Der brillante österreichische Universalgelehrte Erik von Kuehnelt-Leddihn, der äußerlich konservativ war (ich sah ihn nie ungewaschen und stets vollständig gekleidet), wehrte sich heftig, wenn er als „Konservativer“ vorgestellt wurde. Er sei ein „stockliberaler Rechtsradikaler“, sagte er. Gewiss, um zu provozieren – eine Leidenschaft, die er zu hoher Kunst perfektionierte. Vor allem aber, weil er als unabhängiger, vielsprachiger Weltreisender und Privatgelehrter den ideologischen Krempel vergangener Jahrhunderte gründlich und tabufrei neu sortiert hatte.

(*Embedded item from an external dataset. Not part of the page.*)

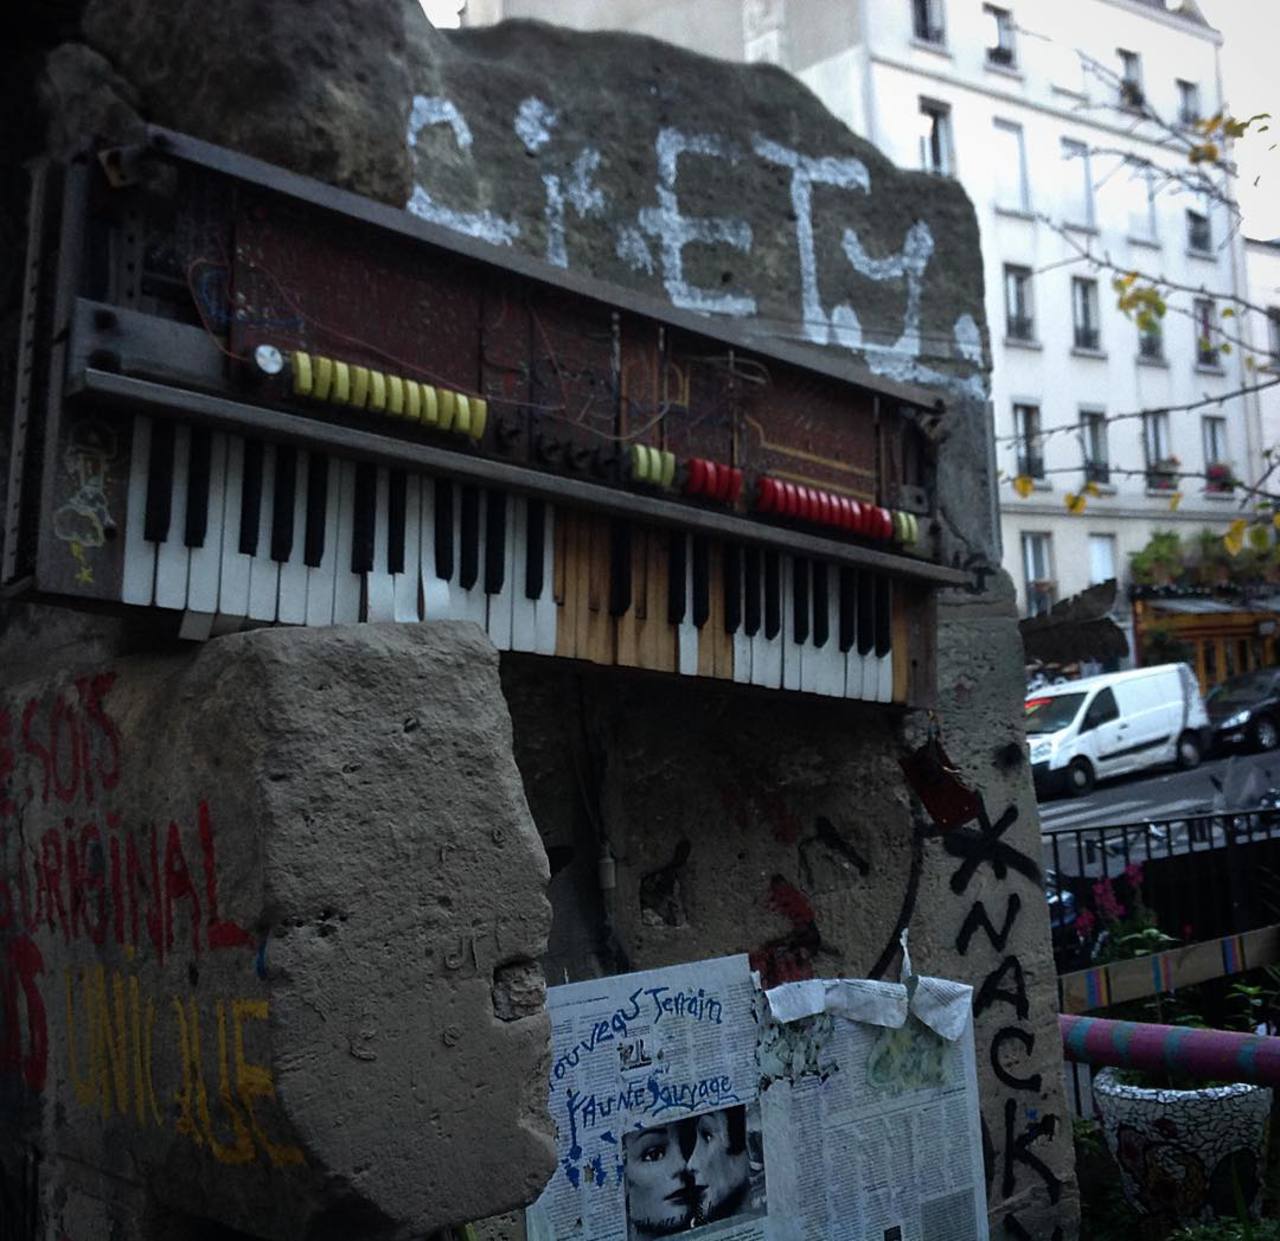 #Paris #graffiti photo by @stefetlinda http://ift.tt/1PNKSjU #StreetArt https://t.co/XNPhXxLYSB

Französische Revolution: Mutter aller gottlosen Ideologien
Um Ordnung ins weltanschauliche Chaos zu bringen, bezeichnete er alle ideologischen Kinder der Französischen Revolution als „links“, vor allem die kollektivistischen, gottlosen Ideologien des Kommunismus und des Nationalsozialismus. Die Theorie, dass sich in Kommunismus und Nationalsozialismus „die Extreme berühren“, schien ihm naiv und dumm: „Alle Totalitarismen, alle Kollektivismen, alle Zentralismen, alle Gleichschaltungen und Materialismen, mögen diese ökonomischer, biologischer oder soziologischer Natur sein, gehören der Linken an. Sie sind wahrhaft unmenschlich, denn der Mensch ist das universalste, komplizierteste, vielschichtigste und vielseitigste aller Lebewesen.“
Nach dieser Definition sind alle Nationalismen links, ebenso der materialistische Kapitalismus. Links sind für Kuehnelt-Leddihn die Ideologien der Gleichheit, der Hass auf Minderheiten und Eliten: „Die Vision der Linken zielt auf Gleichförmigkeit: eine Nation mit einem Führer, einer Rasse, einer Sprache, einer Klasse, einem Schulsystem, einem Gesetz, einer Sitte, gleichem Einkommen für alle.“ Weil die Natur selbst Unterschiede schafft, seien alle ideologischen Kinder der Französischen Revolution (wie der russischen von 1917 und der deutschen von 1933) den Weg der Guillotinen, Galgen, Gefängnisse, Gaskammern und Gulags gegangen.
„Falsche Götter werden nicht durch Gottlosigkeit bekämpft,
sondern durch den Lebendigen Gott.“
Das Gegenteil dieses „Linksdralls“ umschrieb dieser im besten Sinne radikale Denker mit diesen Begriffen: Person, Freiheit, Geistigkeit, organisch gewachsene Institutionen, Geschichtsbewusstsein, Transzendenz, Respekt vor Wissen und Erfahrung, Verachtung für Trends und Meinungsumfragen, Autorität und Verantwortung, Disziplin und Tradition. Kuehnelt-Leddihn nannte all das „rechts“.
Entscheidend war für ihn in der geistigen Schlacht aber jedenfalls jene Letztbegründung, der so mancher „konservative“ Politiker heute wohl nicht folgen würde: „Falsche Götter werden nicht durch Gottlosigkeit bekämpft, sondern durch den Lebendigen Gott.“ Kuehnelt-Leddihn teilte Menschen nicht in Konservative und Progressive ein, sondern in solche, „die ihren Schwerpunkt über sich haben“ und jene, „die ihn in sich besitzen“. Er war davon überzeugt, dass der wahrhaft Gottgläubige und der Ungläubige sich „im Grunde völlig fremd“ seien, ja sie stellten „total verschiedene Geschöpfe dar“.